Rosa ebbe un sussulto: l’esattore a casa? Iniziò a sudare freddo e la fronte le si imperlò di minuscole goccioline che contrastavano nettamente con le guance in fiamme. Ormai non poteva più tirarsi indietro. Aprì il portone e lo invitò a salire.
Tre piani con l’ascensore e fu sul pianerottolo. Rosa attese che bussasse al suo interno prima di aprire. Si diede una sistemata, ravvivò i capelli e con le mani lisciò la gonna che indossava sotto il grembiule, prontamente arrotolato e ficcato in fondo a un cassetto.

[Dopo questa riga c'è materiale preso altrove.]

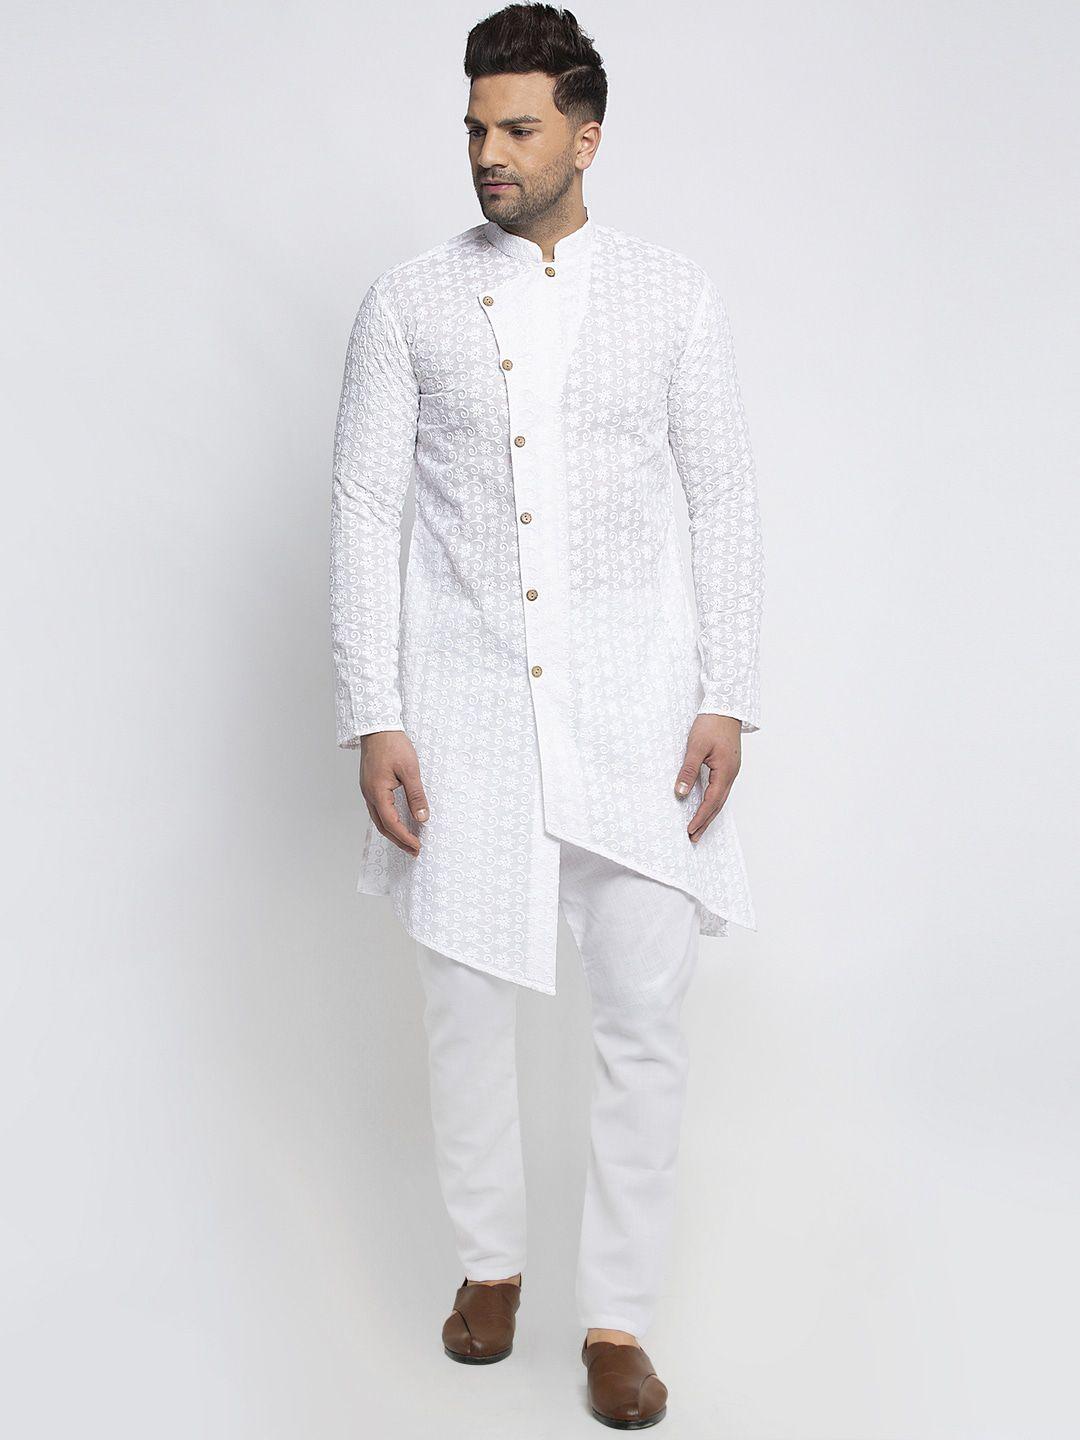 TREEMODA Men White Chikankari Embroidered Pure Cotton Kurta with Pyjamas

«Buongiorno», disse e nervosamente guardò l’orologio. L’uomo le tese la mano. La sua stretta era ferma e decisa e un sorriso gli tagliava il volto da parte a parte, rivelando una fila di denti bianchissimi. Era alto almeno venti centimetri più di lei – una strategia per metterle soggezione, pensò – e la sovrastava con la sua statura imponente e le spalle larghe, ma l’espressione era cordiale. Quasi rassicurante.
Lo invitò ad accomodarsi sul divano, mentre lei si affannava in cucina per preparargli un caffè. Voleva ritardare il momento il cui avrebbe dovuto pagare il suo debito.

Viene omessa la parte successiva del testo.